Noah Lyles non parla a vanvera. Non fa il “pagliaccio” insomma. Prima promette, scrive il Guardian, poi “quasi come se stesse cercando di trasformare la visione in realtà la consegna, con i dettagli e le viti per incassare gli assegni che le sue parole hanno già scritto per lui. E nel tempo che ti serve per leggere questo paragrafo, diventa il campione olimpico dei 100 metri”.

“Il nuovo re indiscusso dello sprint maschile è una specie di genio tormentato, un fan di manga e anime a cui piace dipingersi le unghie e gli skateboard, che ha menzionato il suo terapista nella sua conferenza stampa, che capisce meglio di chiunque altro che la gloria e la disperazione sono fondamentalmente due metà di un tutto. Forse niente cattura questo meglio di una finale vinta per cinque millesimi di secondo, la differenza incredibilmente crudele tra Lyles e Kishane Thompson della Giamaica”, scrive Jonathan Liew.

“In uno sport di aria pura e linee dritte pulite, forse lo sport più semplice di tutti, Lyles prospera sulla spinta del conflitto, sui muscoli rapidi della competizione e del confronto, sul sale delle lacrime dei suoi detrattori e sul sale delle sue. Spesso si dice degli atleti che il primo metro è nella loro testa. Con Lyles, è più corretto dire che il primo metro è nella sua bocca”.

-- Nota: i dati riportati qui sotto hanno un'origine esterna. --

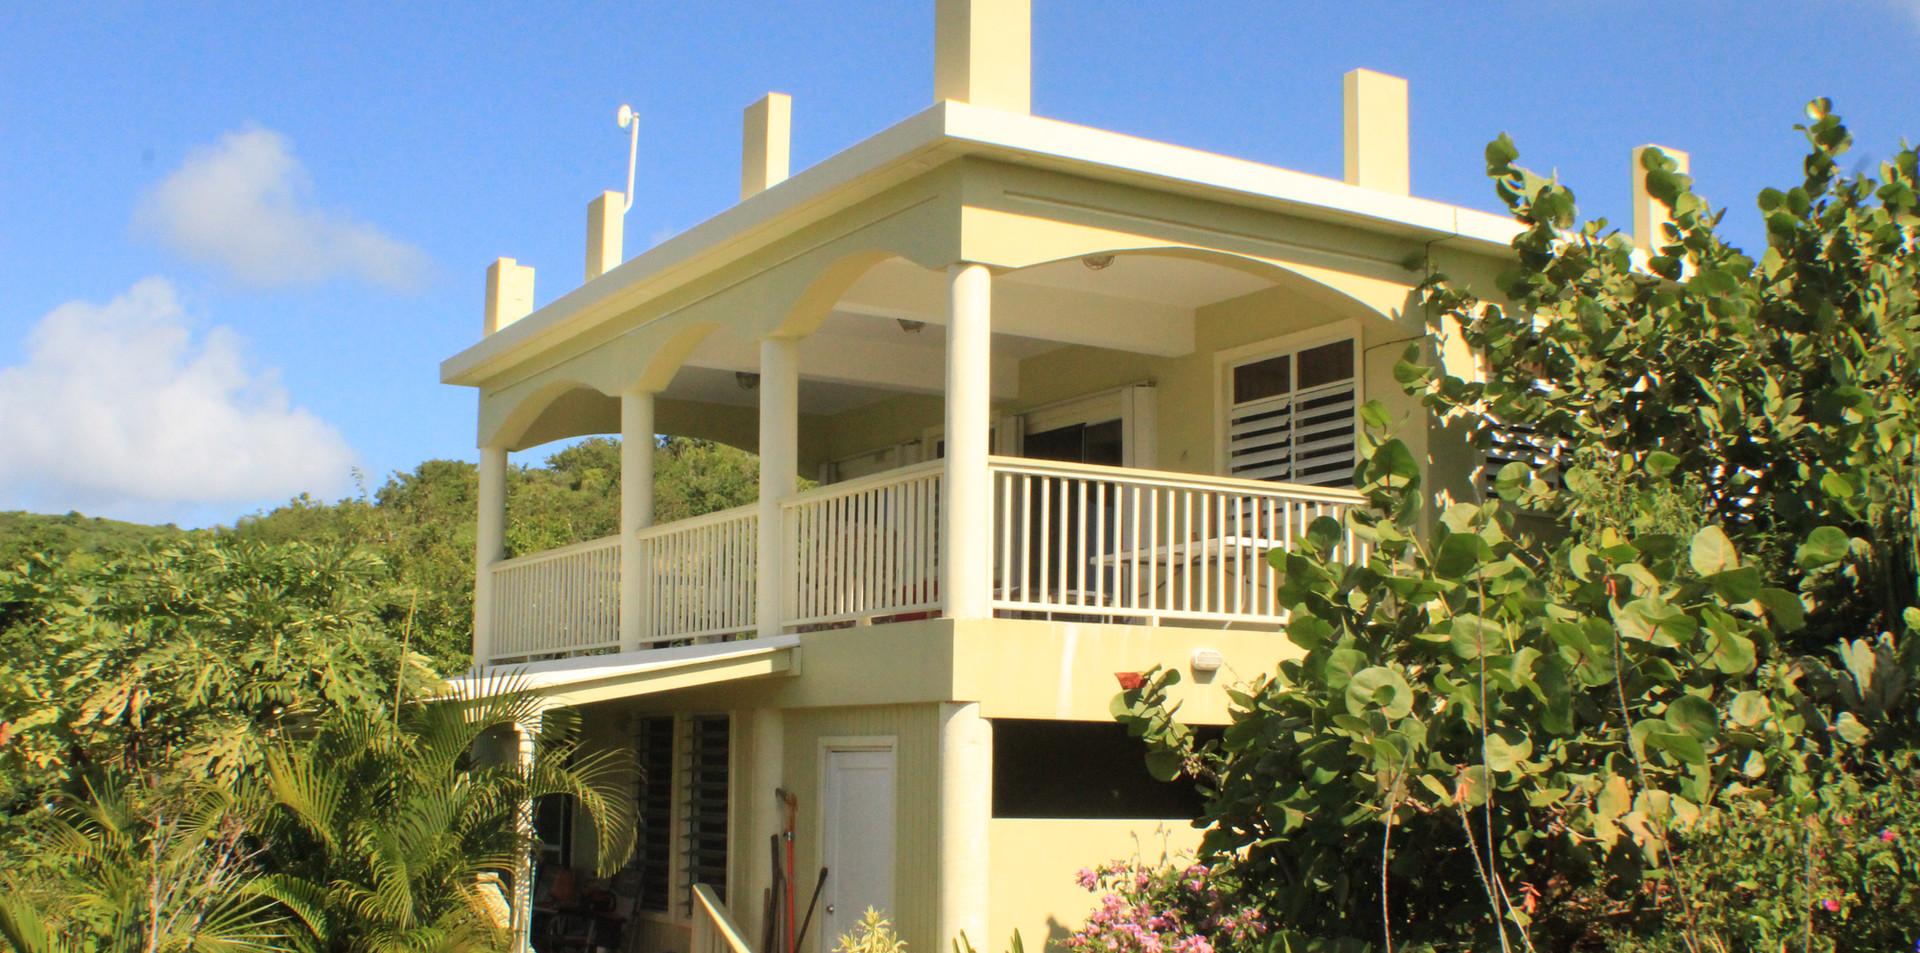 Upper Patio and Lower Studio Porch

Secondo l’editorialista del Guardian i cinque millesimi di secondo che hanno deciso l’oro, se li è presi  Lyles perché “ha visto cose. Ha conosciuto il dolore della sconfitta, l’intorpidimento della depressione, il dolore del rifiuto, persino l’umiliazione, e ne è uscito dall’altra parte”.

Ma andiamo oltre: “Ciò che succederà dopo è un mistero. I campioni dei 100 metri maschili, da Jesse Owens a Usain Bolt, hanno sempre dovuto rappresentare qualcosa di più grande di loro, non essere solo un campione ma una figura di spicco, una stella polare, un ideale fisico e un marchio personale instancabile. Questo era un compito troppo pesante per il campione in carica Marcell Jacobs. Forse è arrivato un po’ presto anche per Thompson, un atleta che sta ancora scoprendo i limiti estremi di se stesso e che avrà imparato così tanto”. Ma “per Lyles questo è il ruolo che ha sempre sognato per sé stesso. Attraverso gli anni macchiati e confusi del post-Bolt, i brevi interregni di Justin Gatlin e Kerley, Jacobs e Christian Coleman, l’atletica ha cercato – non senza una certa contraddizione interna – un successore del suo bizzarro dio dello sprint”.